### Task:
What you submit must be an exact copy of the listing below, with no images in it.

### Provided data:
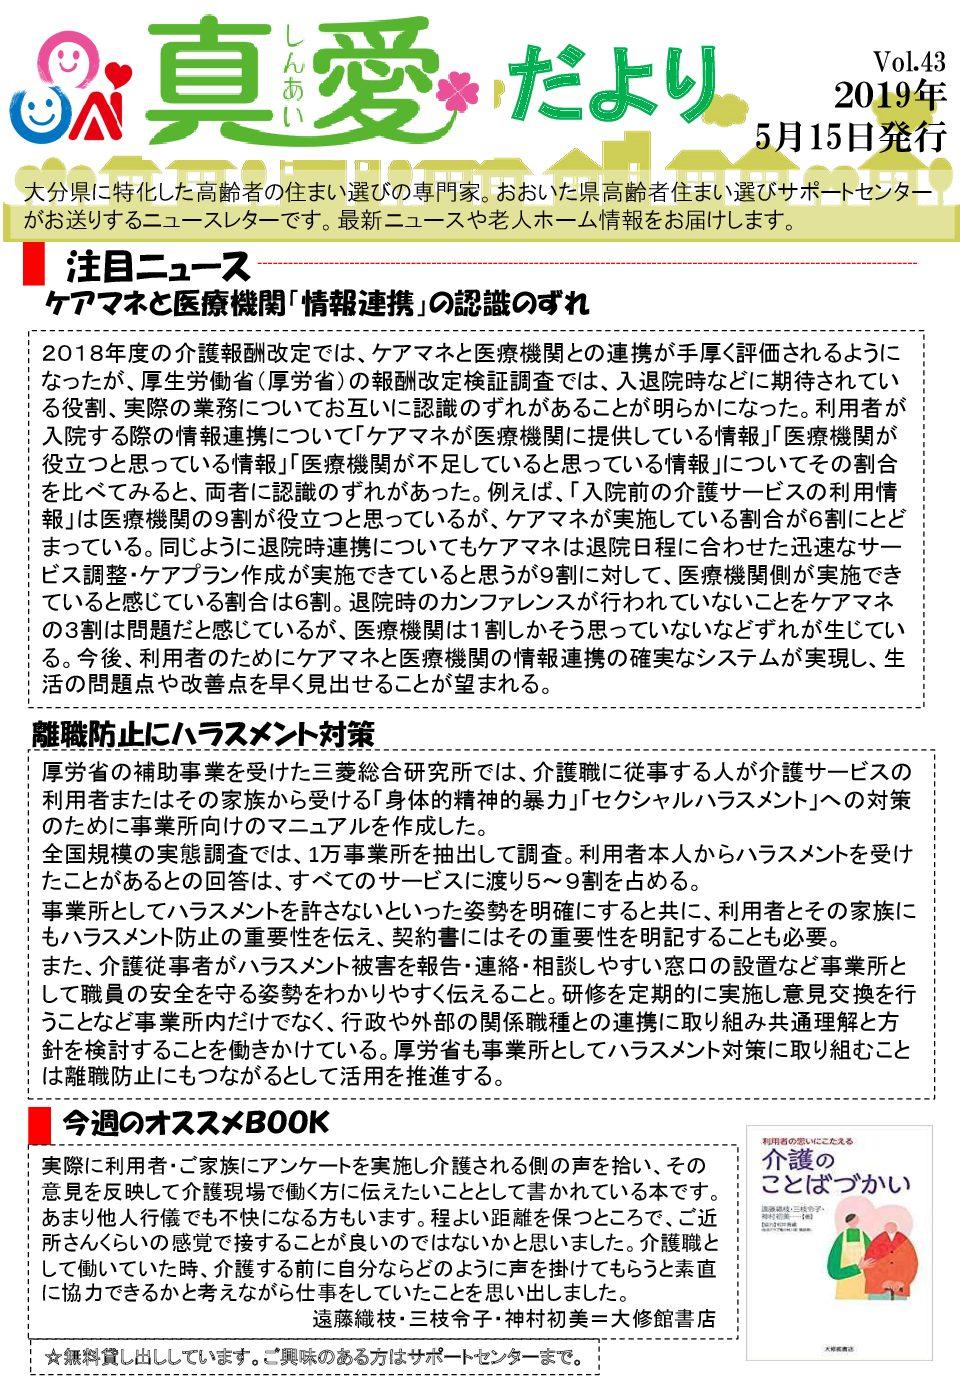 【Vol.43】 2019.05.15発行
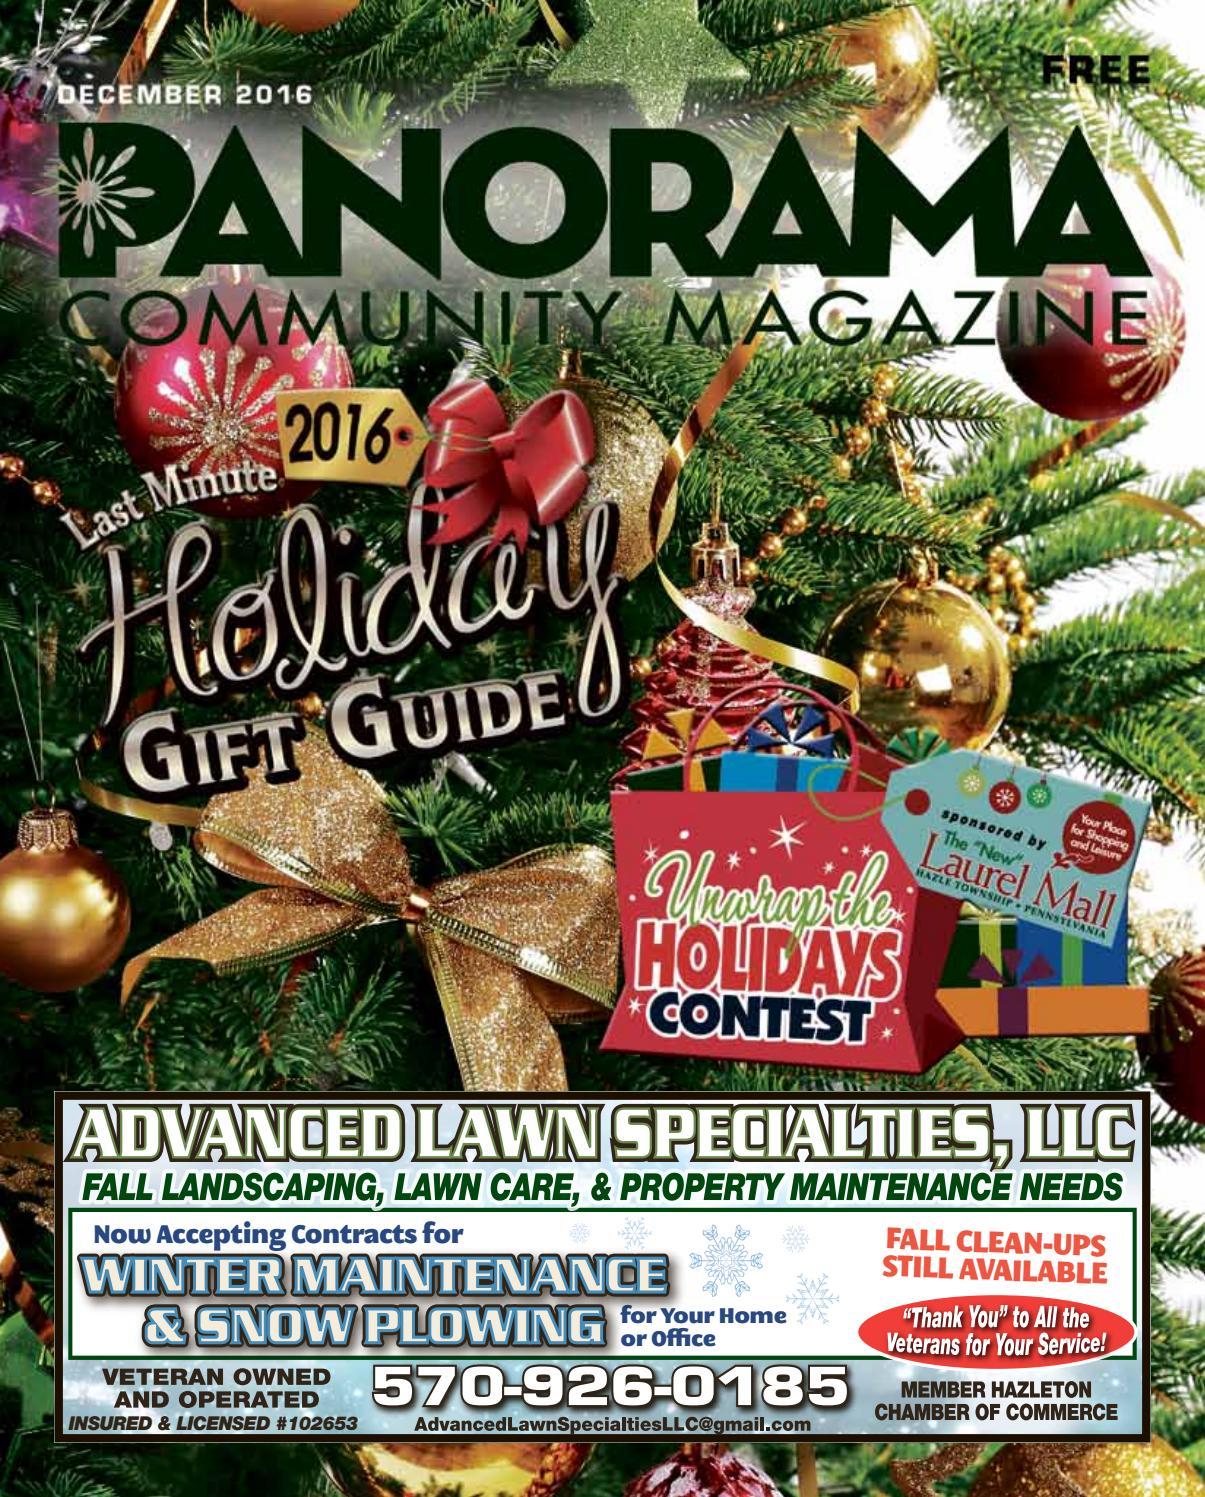 Panorama Community Magazine December 2016 by Panorama
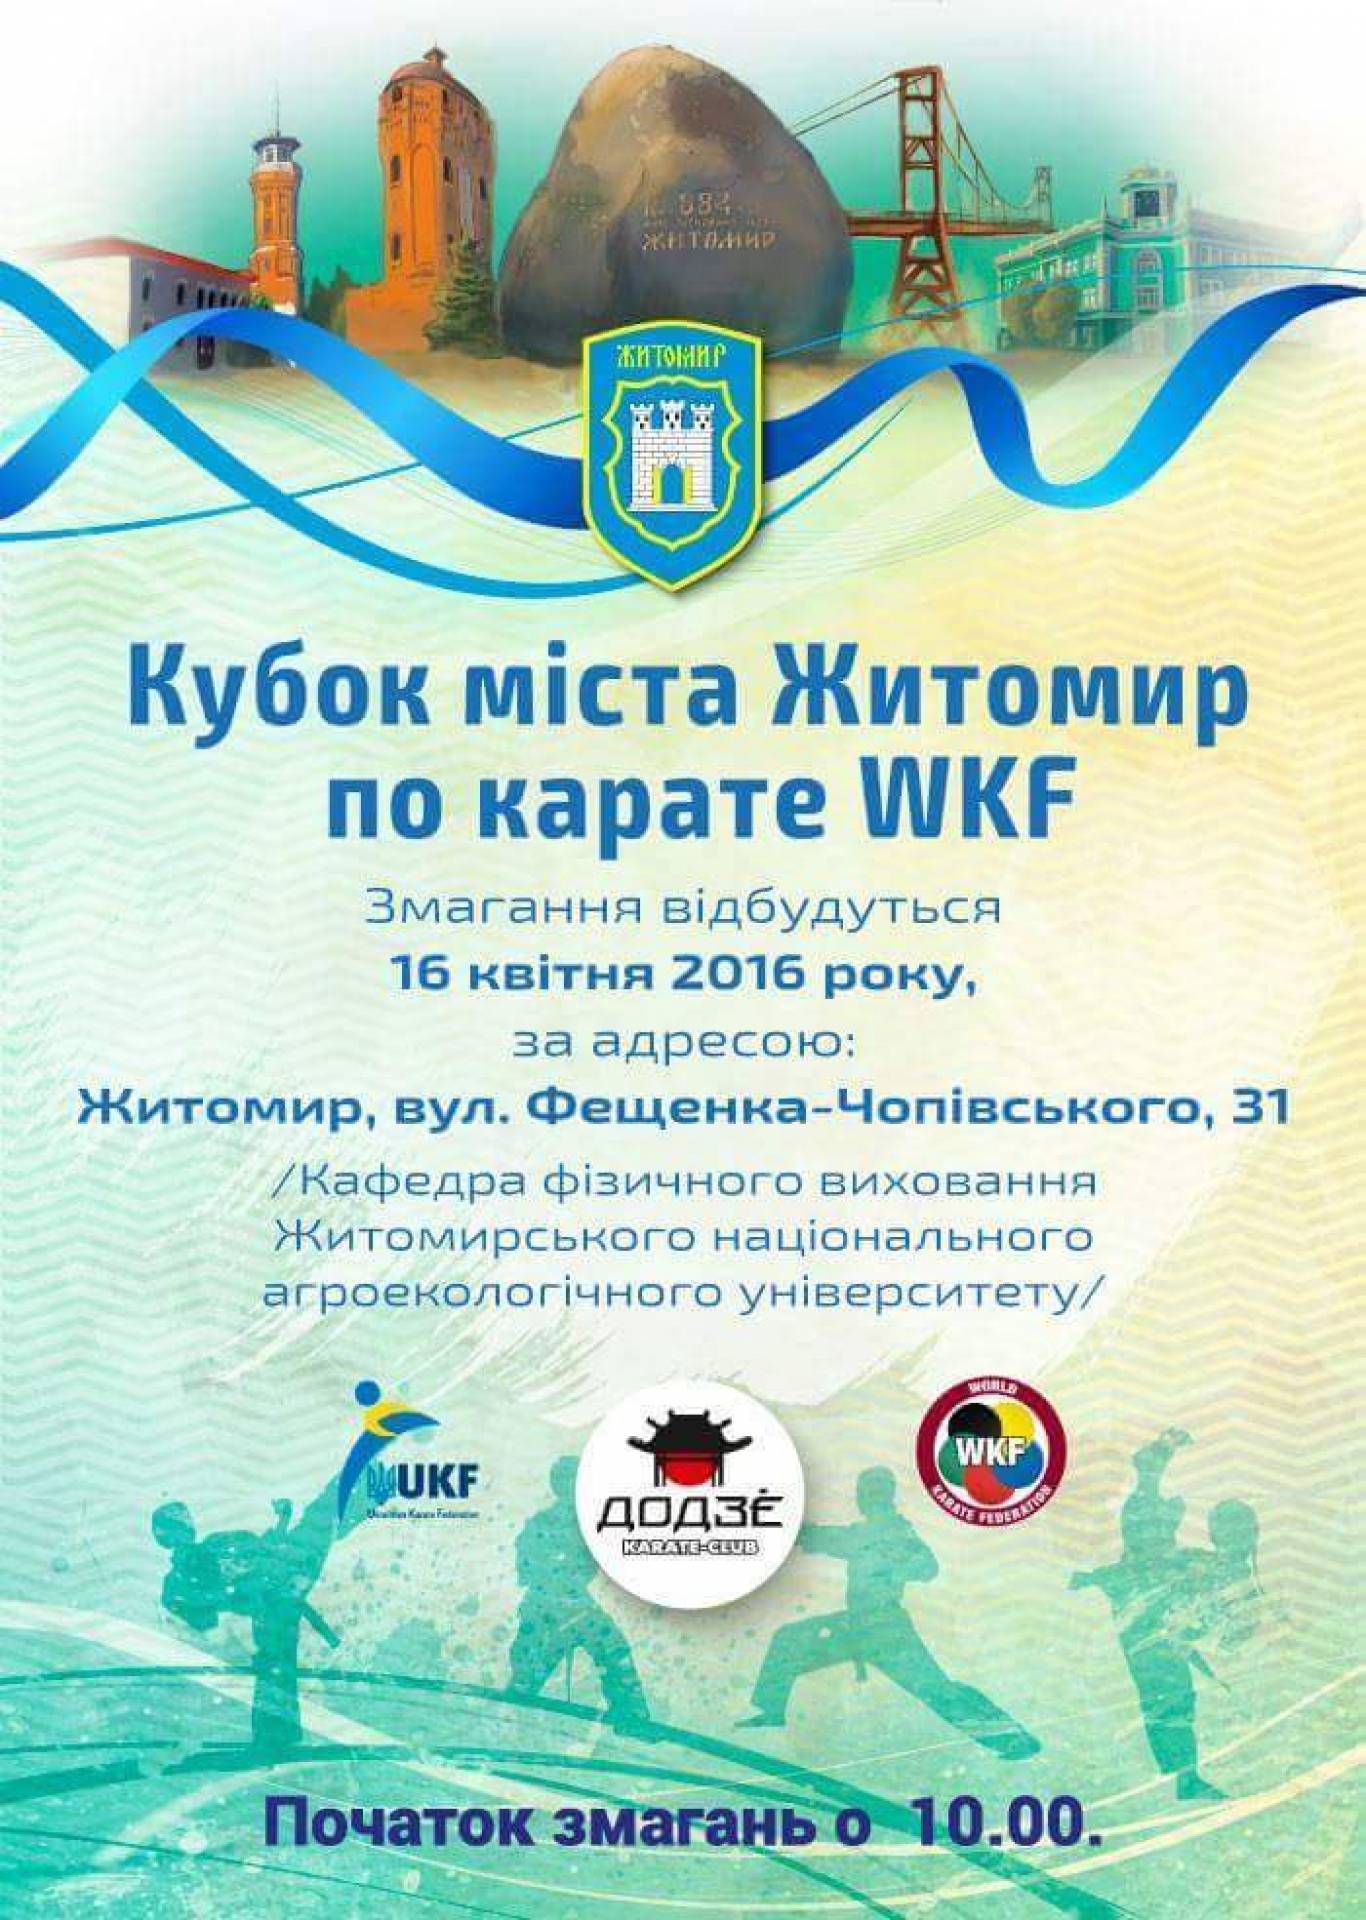 Кубок міста  Житомир по карате WKF

### Result:
 【Vol.43】 2019.05.15発行
 Panorama Community Magazine December 2016 by Panorama
 Кубок міста  Житомир по карате WKF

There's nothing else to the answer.